I gesture for him to follow me. “What’s your name?” I ask as we walk, hoping it won’t be something impossible to pronounce.
“Taufik.”
“Nice to meet you, Taufik. I’m Claire.” I can’t believe I’m having a more normal conversation with a random Javanese stranger than I managed to have with a bunch of Middlebury students a few weeks ago. Am I getting braver? Or is it just that I know Taufik won’t understand a word I say if I start spouting media theory?
Will is standing over by the pink flag, and I bring Taufik over and introduce him. “He’s going to come in with us and show us what we need.”
“Nicely done, Claire.” Will grins at me, and a warm feeling spreads through my whole body. Maybe I’d be more willing to talk to strangers if I got positive reinforcement every time. I’m like a puppy, and Will’s smile is my liver treat.
While Greg presents a waiver to Taufik, I secure the instructions to my forearm with a hair band so I can read them hands-free. Then Will and I hold a water pan level between us while the woman in the print skirt fills it. It’s only a little deeper than a cookie sheet, and as soon as we take a step toward the market, it jostles and splashes all over my chest. Now I look like I’m participating in a wet T-shirt contest.
“Oh God, I’m so sorry,” Will says. But he doesn’t sound that sorry, and I wonder for a second if he dumped the water on me on purpose. A tiny part of me hopes he did.
Taufik looks confused as we hold out our pan to be refilled. “We go to market?” he asks.
“Yes,” Will says. “We have to bring this water.”
“It’s for a game,” I try to explain, but I’m pretty sure he still doesn’t understand.
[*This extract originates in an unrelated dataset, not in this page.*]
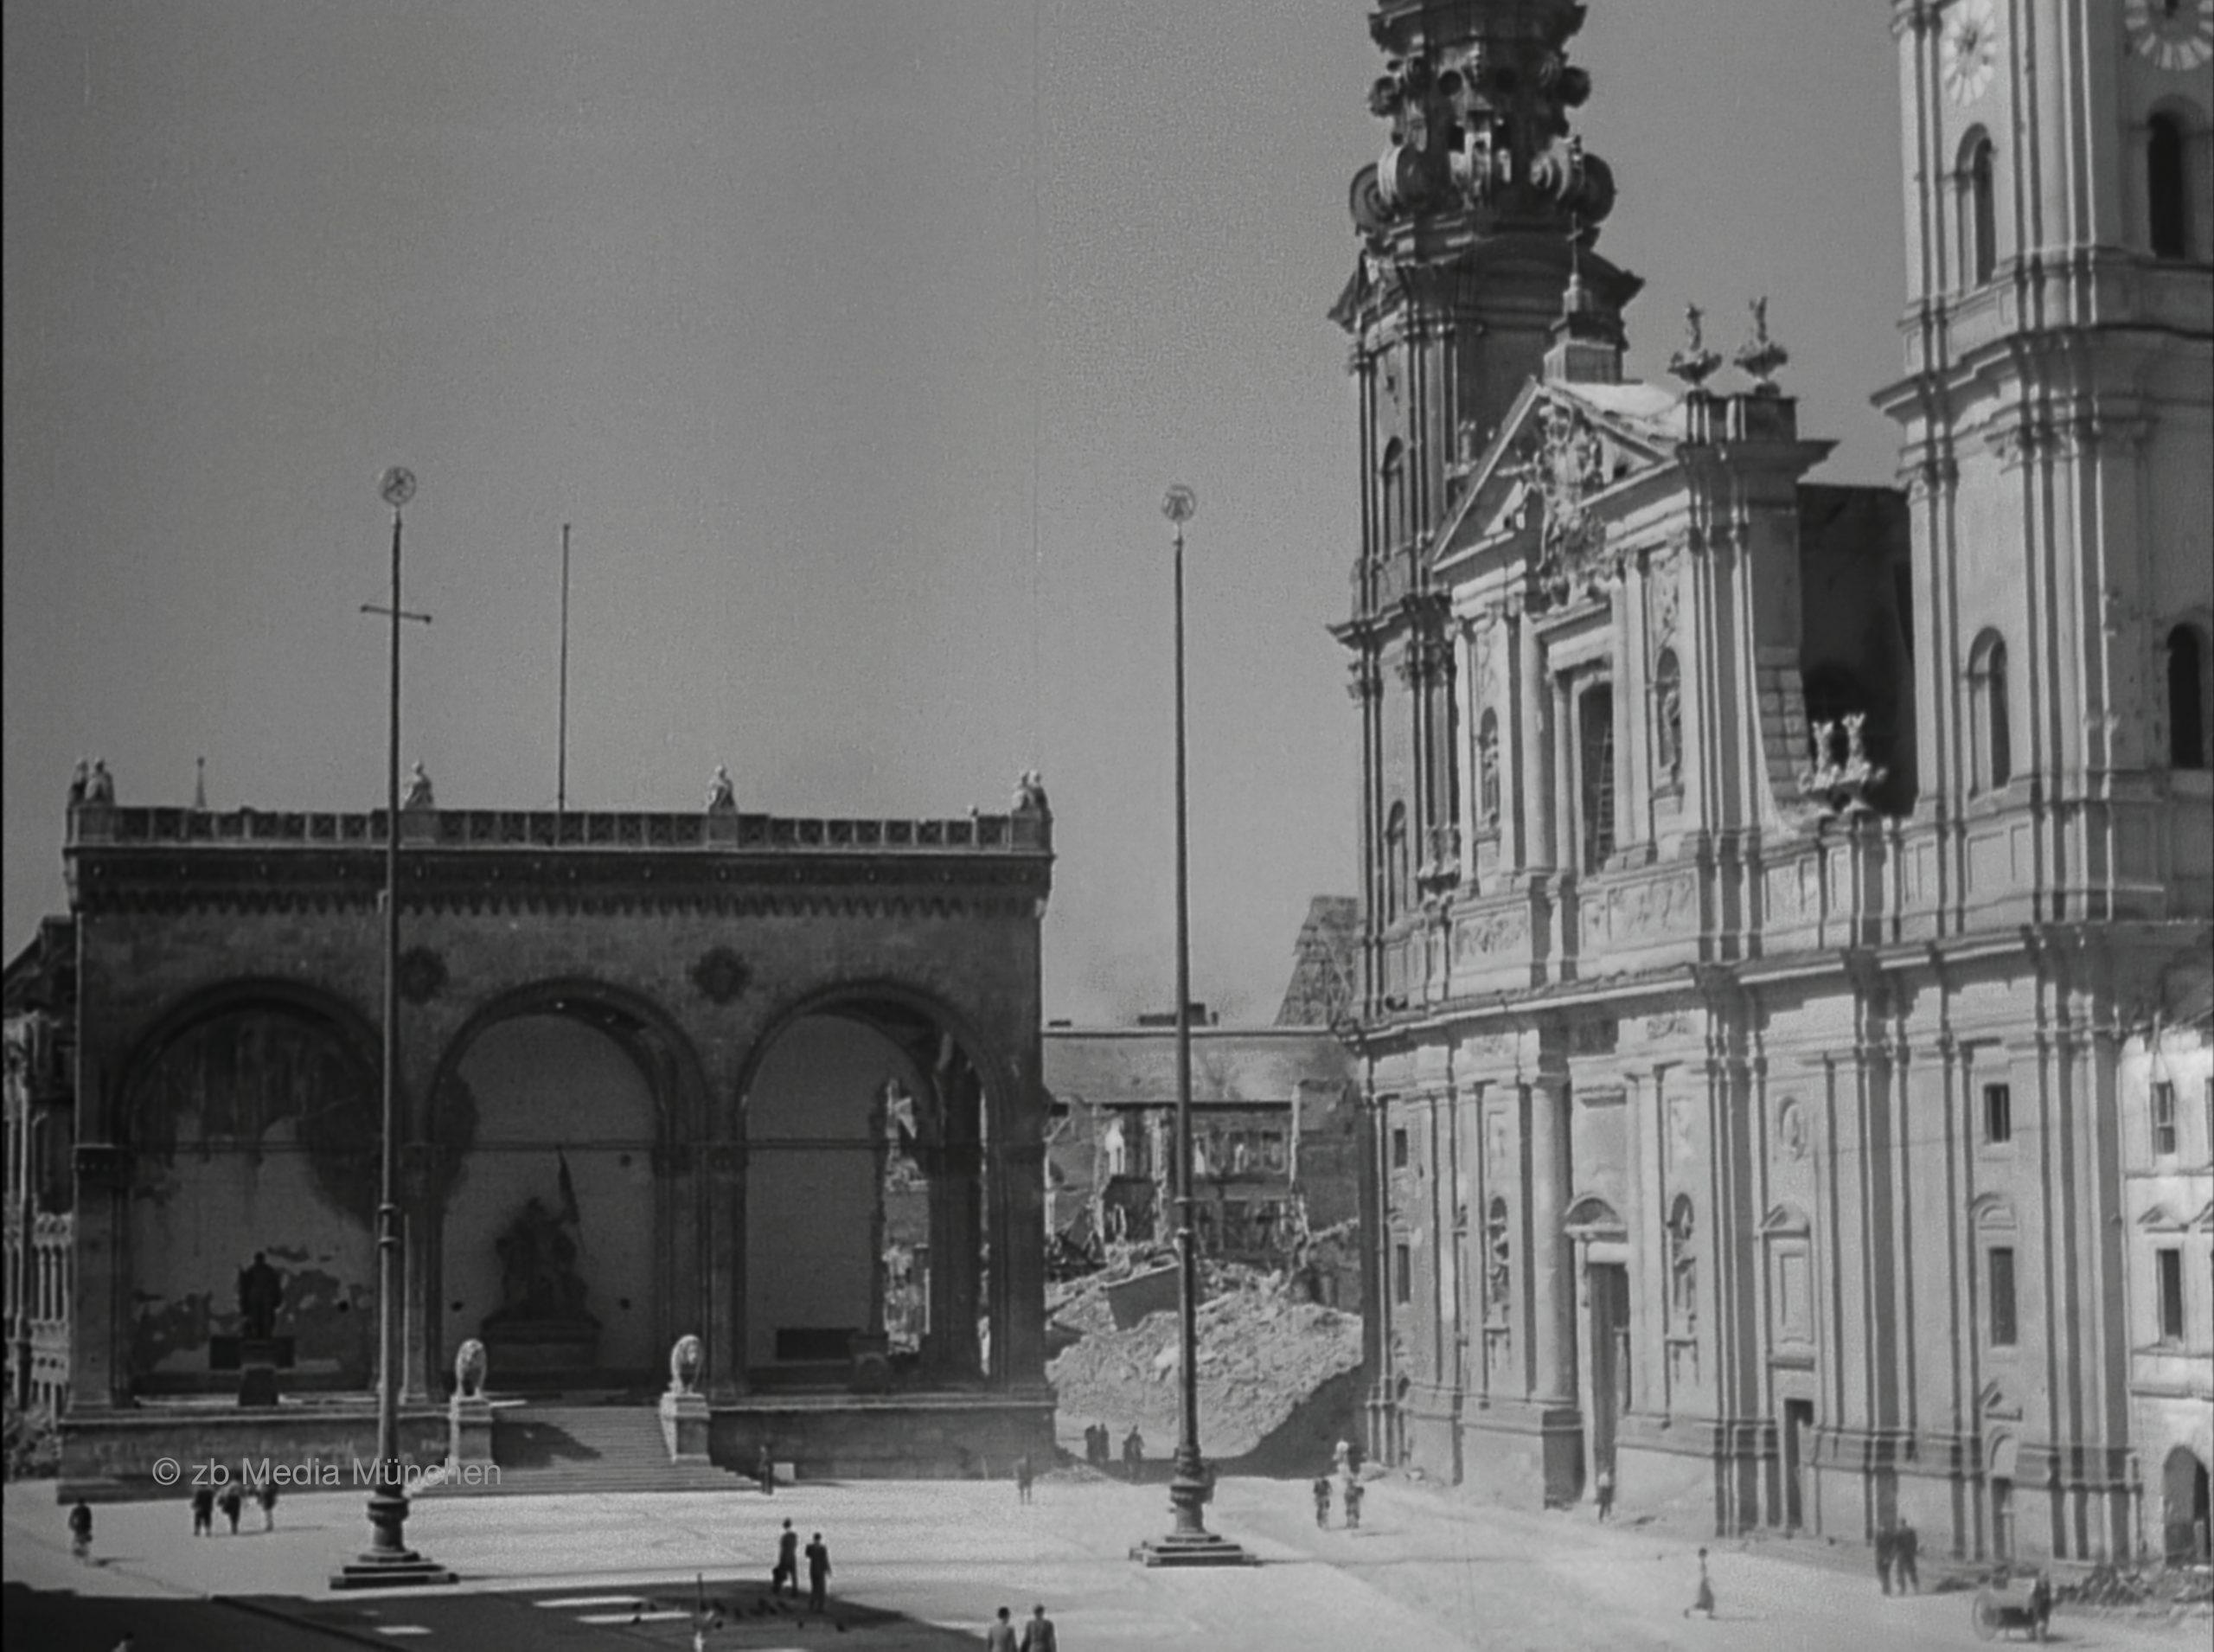 Odeonsplatz, München am 5. Mai 1945, Ruine, Bombenschaden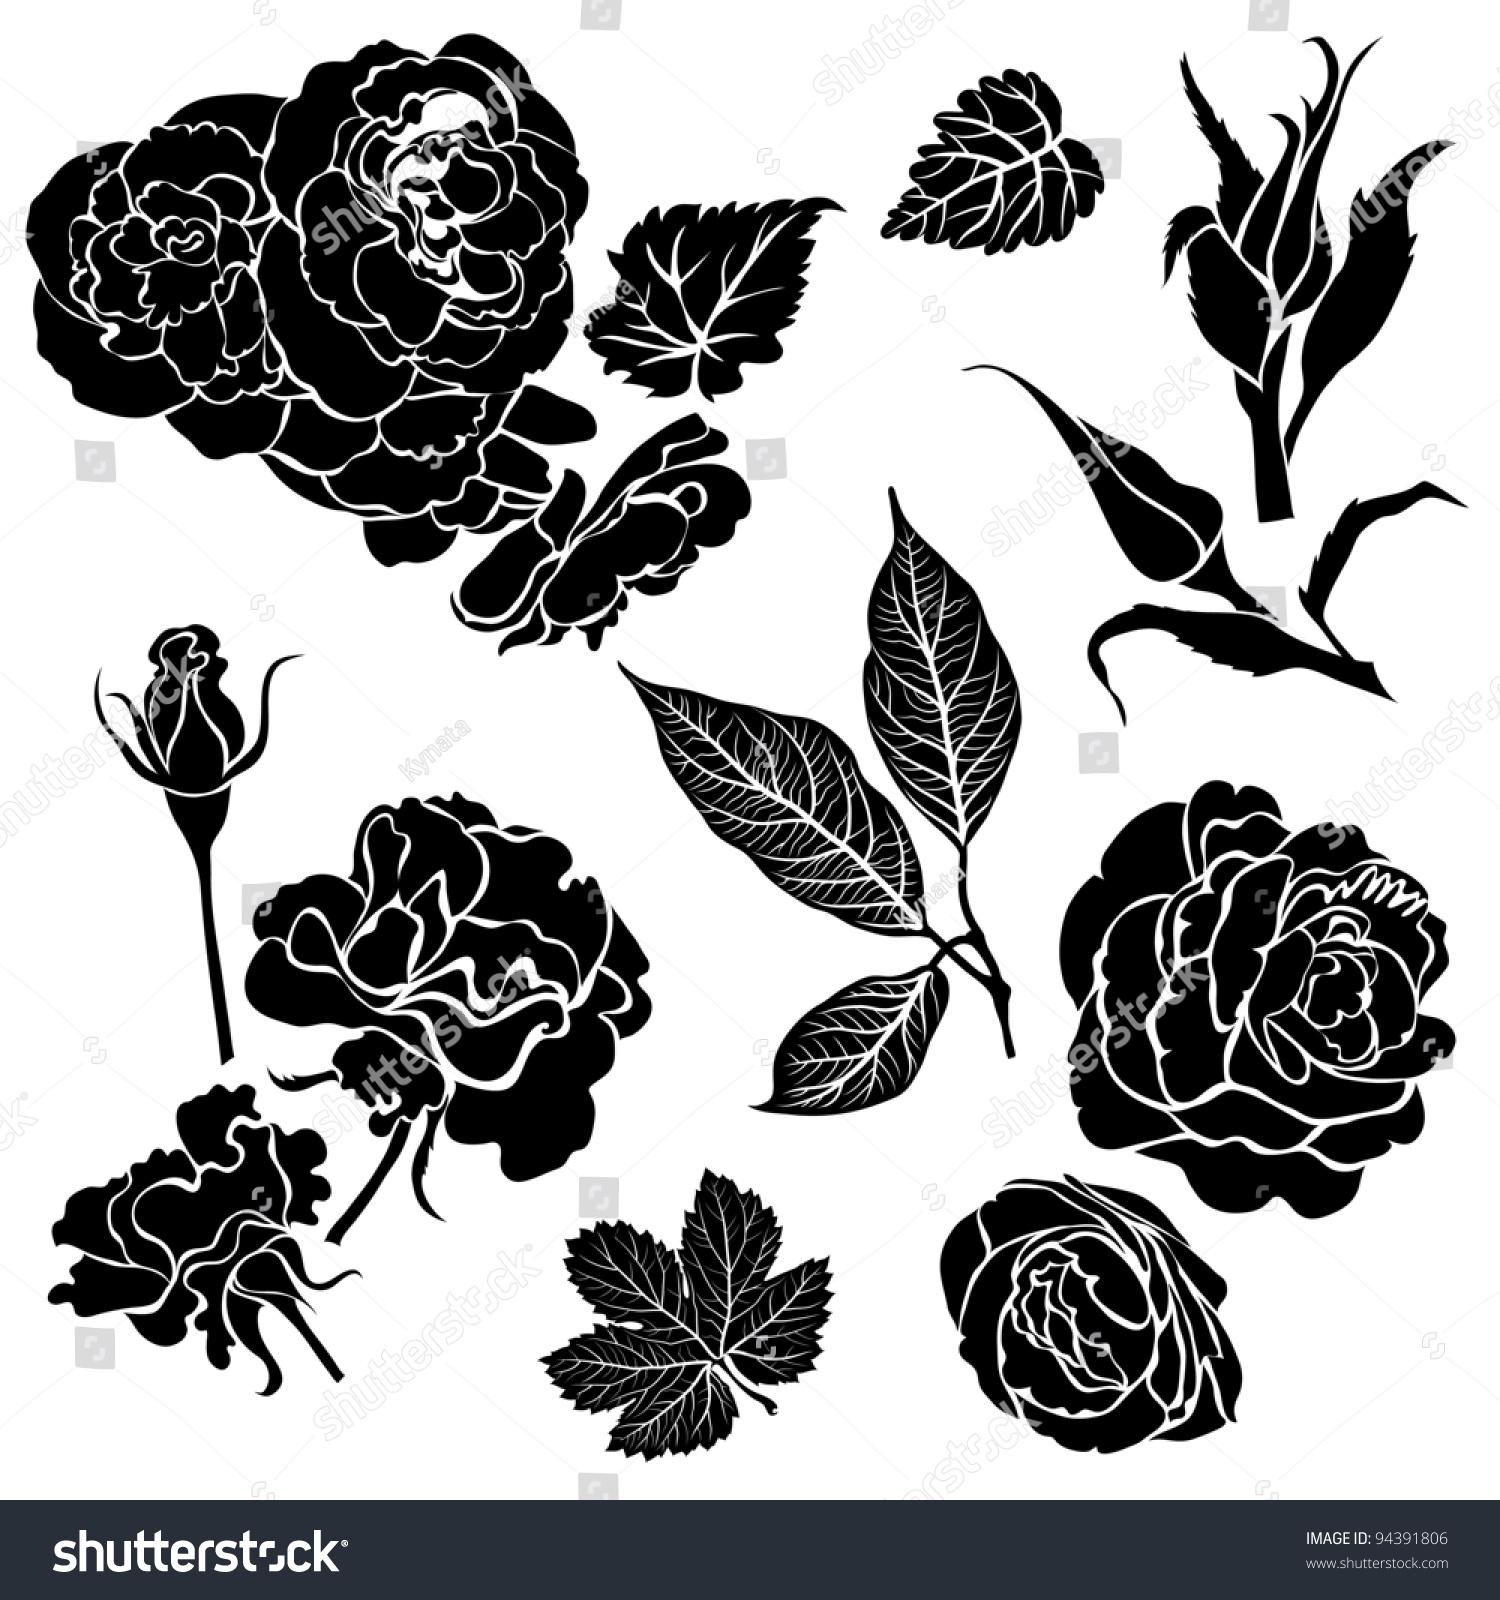 Set Of Black Flower Design Elements Stock Vector: Set Of Black Floral Design Elements

Will and I carefully coordinate our steps this time, and we make it to the door without spilling. But once Taufik leads us inside, I lose hope that we’ll ever be able to complete this challenge. The market is a dark, confusing rabbit warren of passageways, packed to the brim with shoppers. The roof is translucent, but it’s so dirty that hardly any daylight gets through. Fluorescent lights hover here and there like UFOs, reflecting the red paint of the stalls and casting a ruddy glow over everything. A man carrying a massive basket of chili peppers comes barreling out of nowhere and nearly tramples us, and we struggle to keep the water pan level. Taufik disappears into the crowd, his red baseball cap bobbing farther and farther away, and I have to shout his name five times before he hears us and fights his way back.